See [1].
Long story short: Robinhood lets you buy and sell a share instantly. In the real world, those trades take days to settle and clear. To bridge the gap, Robinhood loans you the difference. And Robinhood, in turn, is "loaned" [2] some of that difference by the DTCC.
So when the cost of that loan goes up, their costs go up, and they responded to that cost pressure by turning off trading. (There are other options.)
[1] https://news.ycombinator.com/item?id=25950361
[2] In quotes because it's technically a collateral requirement. If you sell $100 of stock, DTCC may tell Robinhood it only needs to put up $2 of stock as collateral while Robinhood gets the rest from wherever it's getting it from so it can pass it along to the next person. The $98 is "loaned," as in it's owed to DTCC. If Robinhood fell down, DTCC would sell that collateral and buy the rest of the shares in the market.

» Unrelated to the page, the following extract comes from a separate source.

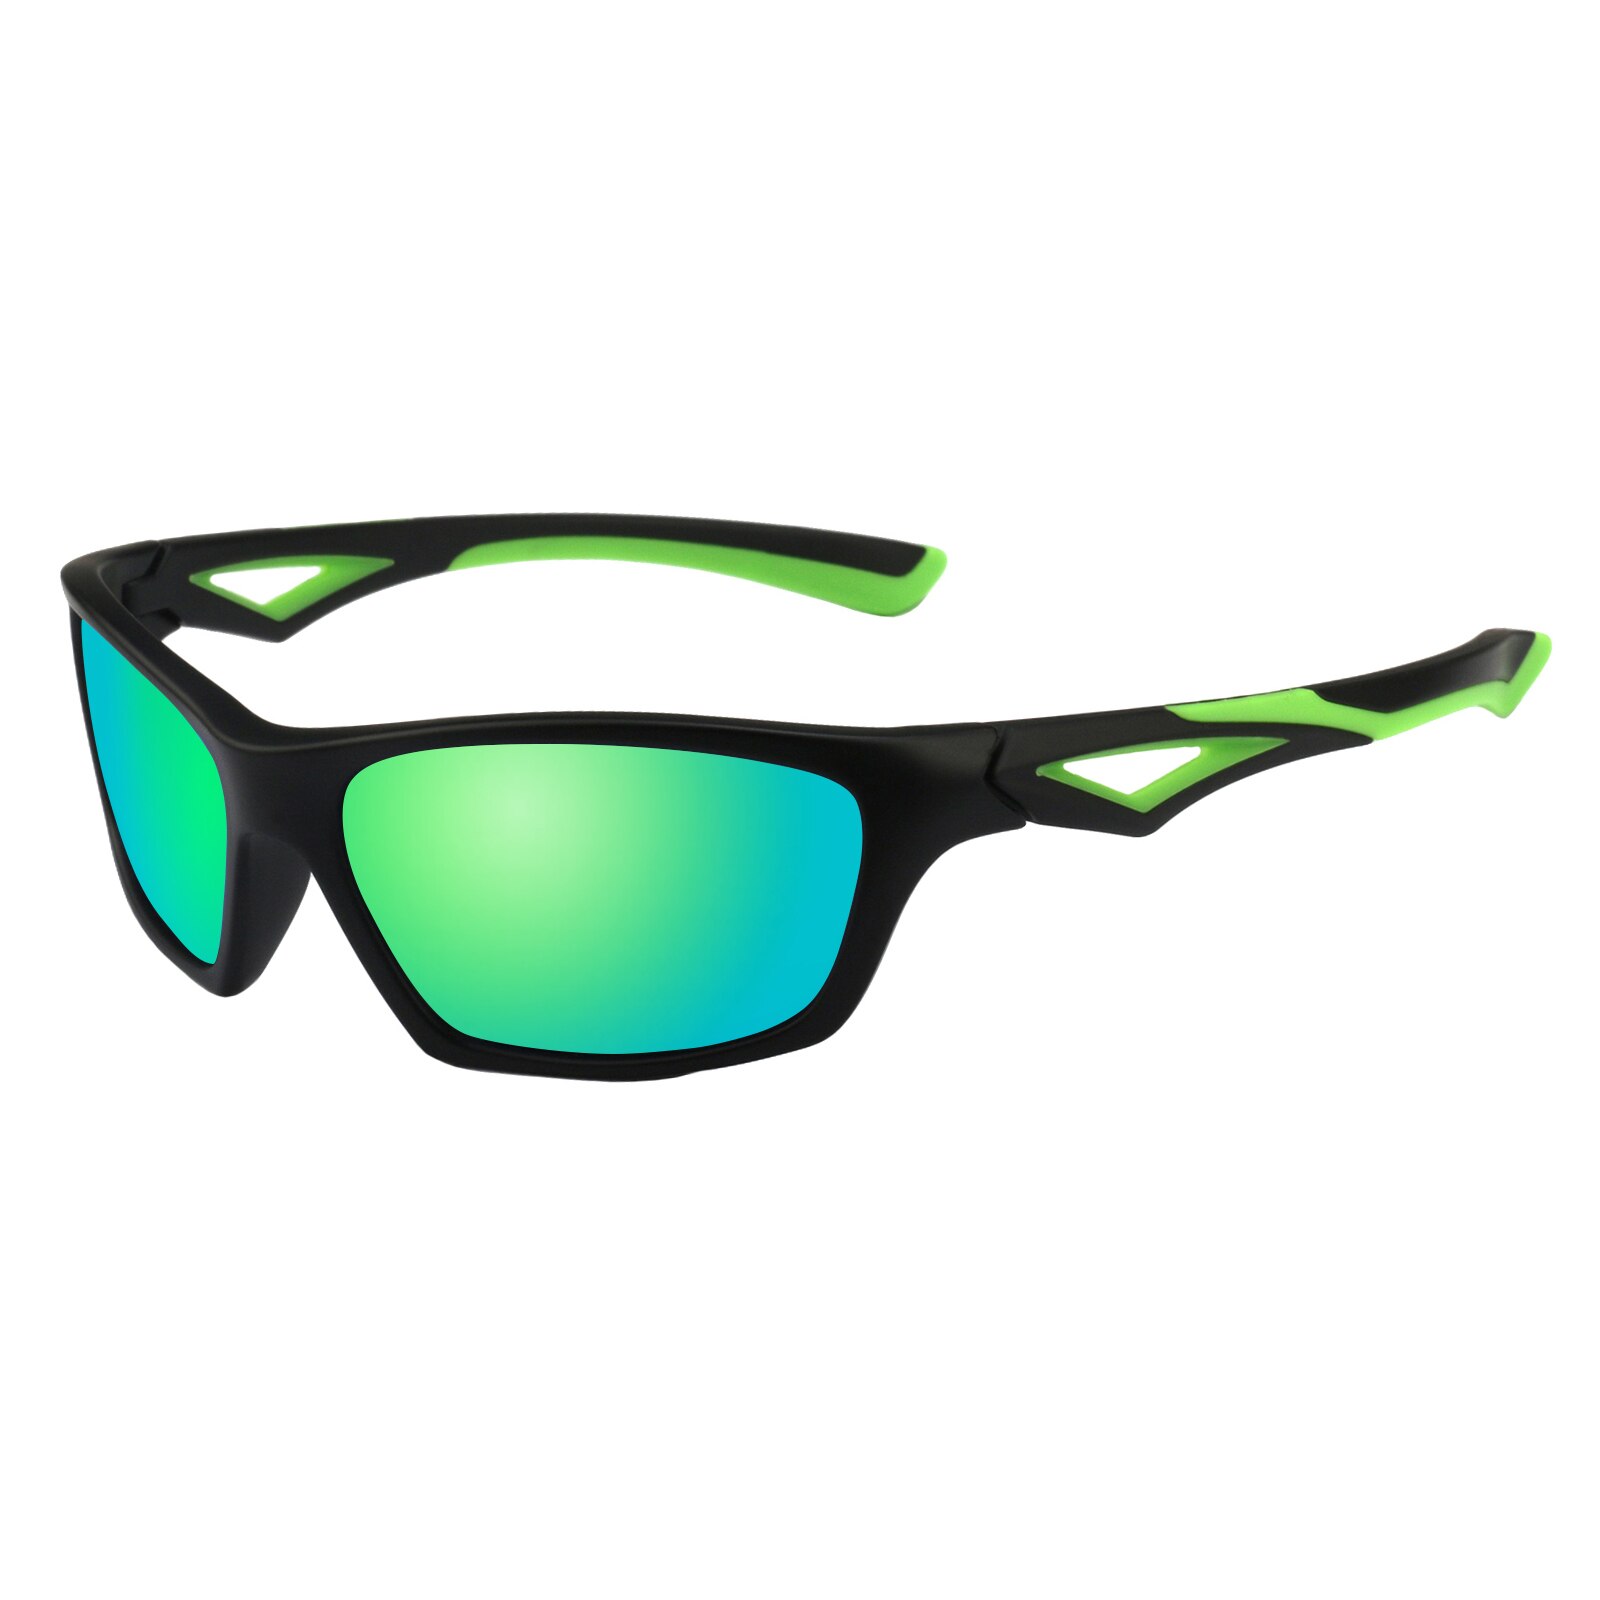 Kids Polarized Sunglasses TR90 Unbreakable Flexible Sport Glasses UV Protection for Boys Girls Age 3-10 Child Eyewear UV400

In this case, DTCC said "these shares are super risky, and may lose all their value in a heartbeat, I need you to hand me 100% of the shares you say you are selling when you sell them." And Robinhood said no. Because that's expensive.
[a] DTCC says put up $100 per share because DTCC is not a lender either! It has lines of credit with various banks. And the banks bear the risk of the loan defaulting. So they're setting their rates and then DTCC draws from the cheapest line.